Эта проблема – вечный пробный камень для литературоведа. При ответе на вопрос хотелось бы избежать туманности, проистекающей, как правило, от собственной запутанности, но не впасть при этом в определённость столь жёсткую, которая в свою очередь явилась бы формой заблуждения. Необходима «свободная определённость», которая заведомо не блокирует «фантазию сознания» (интеллектуальную интуицию), направленную на обнаружение богатства и многообразия смысловых оттенков и переходов в восприятии проблемы, как бы мерцающей неопределёнными смыслами (за которыми, тем не менее, сквозит недвусмысленная определённость), Хотелось бы быть определённым в ситуации, к определённости не располагающей (если не сказать – отторгающей её) в силу своей «двойной» природы.

Нет и ещё раз нет: Пушкин не мог осознавать в полной мере значения той художественной модели, той громады, которая сотворена была его гением. Значит ли это, что поэт не ведал, что творил?

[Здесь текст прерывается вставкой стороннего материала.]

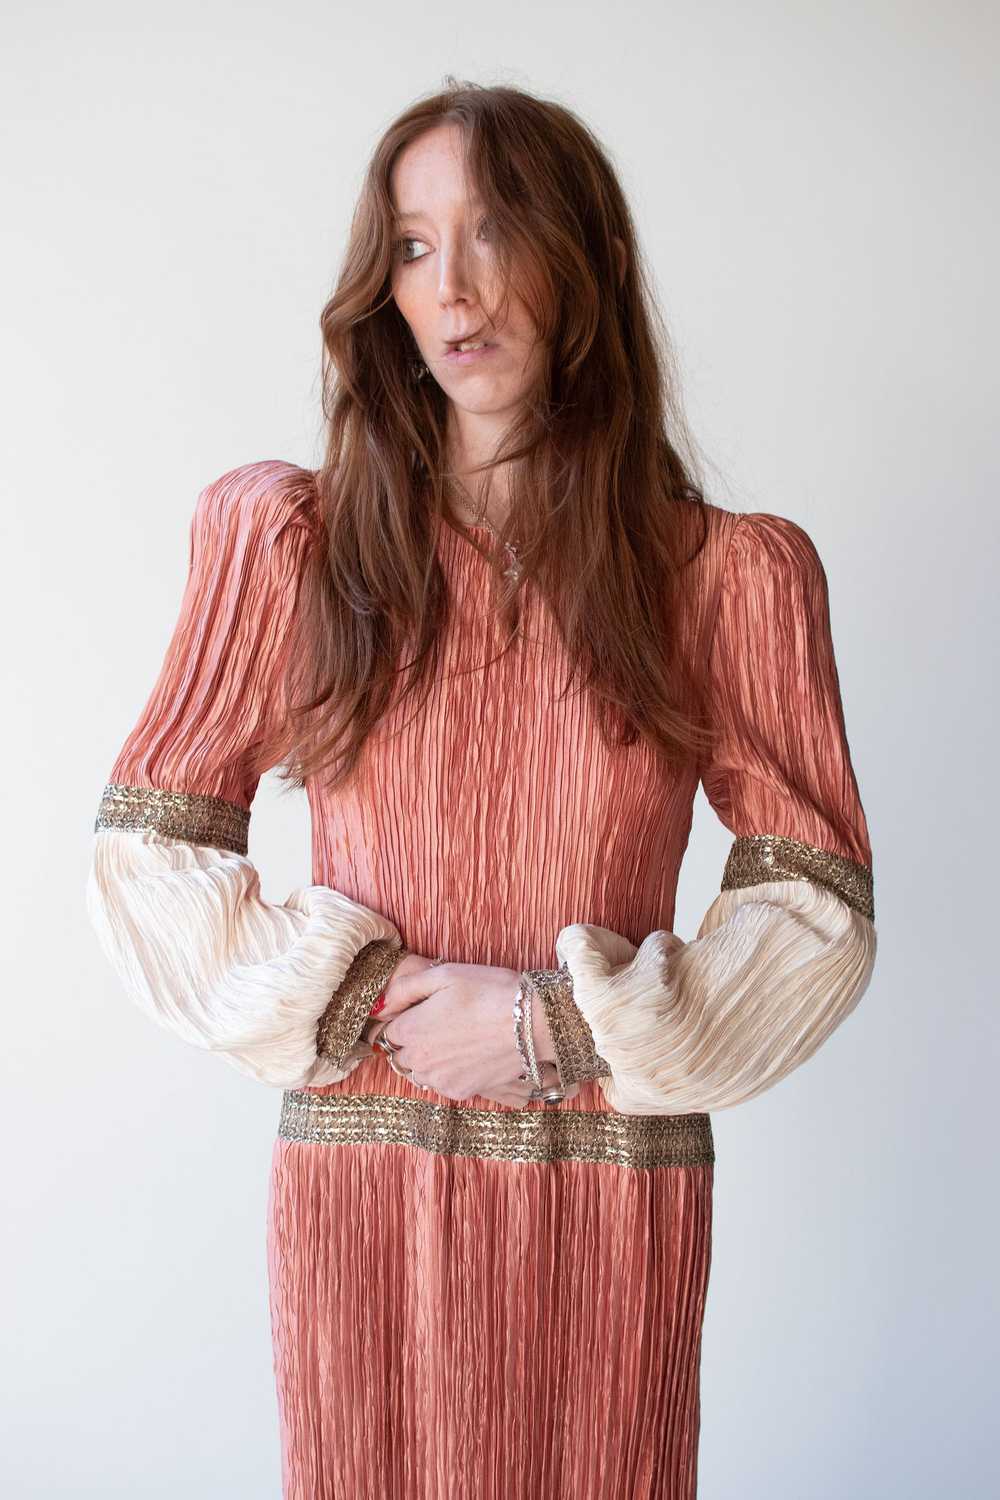 1980s Plisse Dress | Mary McFadden - image 2

Ещё более категоричное – нет.

Чтобы понять логику ответов, надо разобраться (хотя бы вкратце, на уровне тезисов, которые, кстати, многое должны прояснить и в содержании самого романа) в природе художественного сознания. [20 - Андреев А.Н. Личность и культура. Культурология. – Минск: Дизайн ПРО, 1997. – 180 с.]

Существует два типа сознания: моделирующее и рефлектирующее. Первое способно образно-модельно воспроизводить мир, в бесконечных вариантах и вариациях реализуя свою творческую природу. Такое сознание «мыслит» наглядно-конкретными моделями, и оно призвано не понимать и объяснять, а именно моделировать, т. е. «показывать» целостные, неделимые клубки смыслов, выводимые из моделей-картин.

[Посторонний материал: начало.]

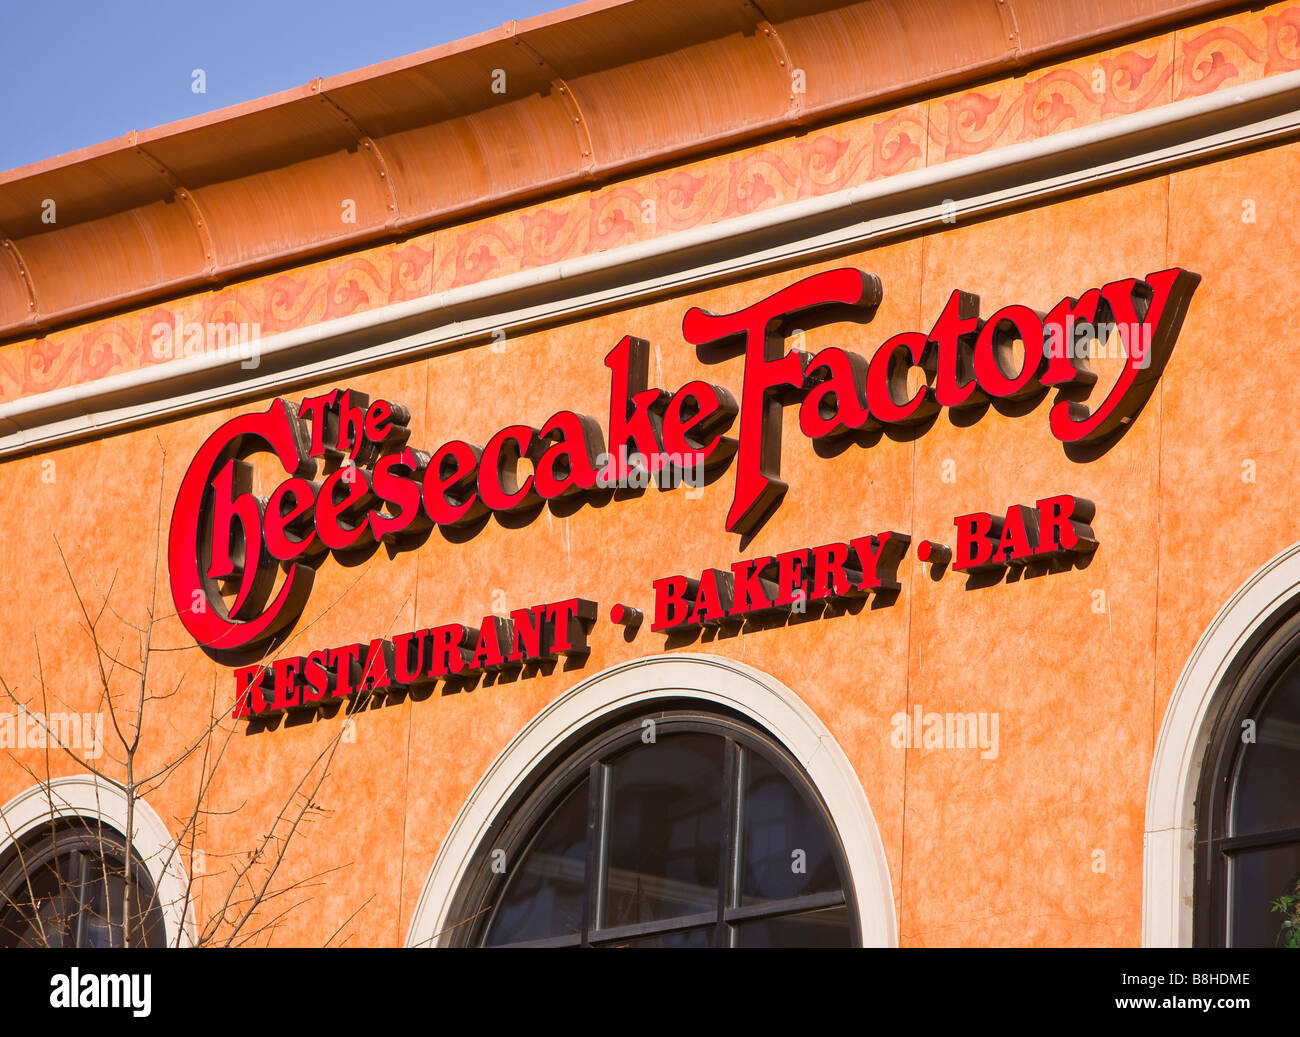 ARLINGTON, VIRGINIA USA - Cheesecake Factory restaurant sign, on exterior. Stock Photo

Второе сознание – ничего не создаёт, оно исключительно анализирует (т. е. умозрительно разлагает всевозможные «модели» на элементы с последующим умозрительным же синтезом). Именно это сознание и «выводит» смысли из моделей, выявляя их внутреннюю согласованность, доходящую порой до степени концепции.

В «чистом виде» эти два типа сознания не пересекаются, однако в чистом виде они на практике и не существуют. В различной степени одно сознание присутствует в другом. Это возможно потому, что рефлектирующее сознание возникло на основе моделирующего. Конкретно-образное мышление с течением времени становилось символическим (символ – уже обобщение целого класса предметов и явлений); символ же, в свою очередь, смог превратиться в нечто себе противоположное: в абстрактное понятие.

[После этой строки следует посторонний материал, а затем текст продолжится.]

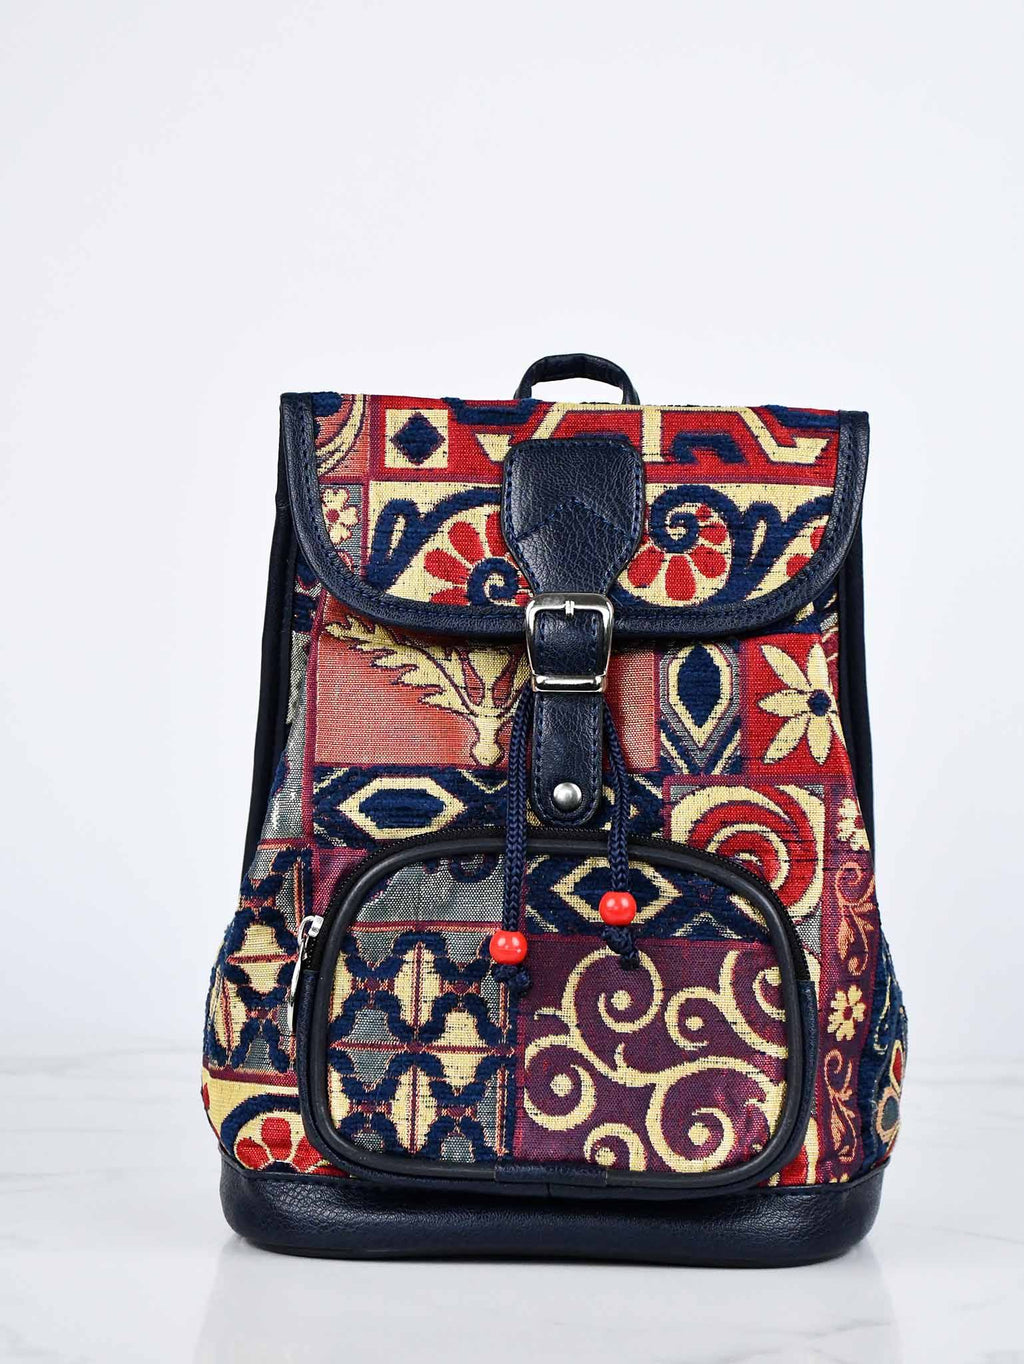 Turkish Handbag Backpack Patchwork Design Blue Red Textile Sydney Grand Bazaar

Символический образ и понятие – это не просто два различных способа мышления; они выполняют совершенно разные функции. Отсюда – абсолютно разные возможности в отражении и познании мира.

Творческий гений может изобразить всё – не обязательно при это осознавая и понимая (отдавая себе отчёт, т. е. рефлектируя – смысловую логику картин. Интуитивно поставленные в определённую зависимость отношения внутри художественно модели создают впечатление мощи интеллекта. На самом деле – это прежде всего изобразительно-выразительная мощь, креативные потенции моделирующего сознания, часто беспомощного в объяснении того, что оно «натворило».

Таковы психологические предпосылки всякого значительного художественного феномена – вопрос, относящийся к философии и психологии творчества. Если иметь в виду специфику моделирующего сознания, можно понять, как молодой человек сумел интуитивно «постичь» сложнейшие смыслы бытия. Моделирующее сознание подспудно вбирает в себя логику взаимоотношений разных сторон жизни, пропитывается ею, а потом умеет ярко воспроизвести её, Такое сознание «чувствует» и «ощущает» гораздо больше того, что оно «понимает». Жадно напитываясь картинами и образами, творческое сознание может «взорваться» и породить самые глобальные модели. В этом и состоит отличительная черта художественного слова.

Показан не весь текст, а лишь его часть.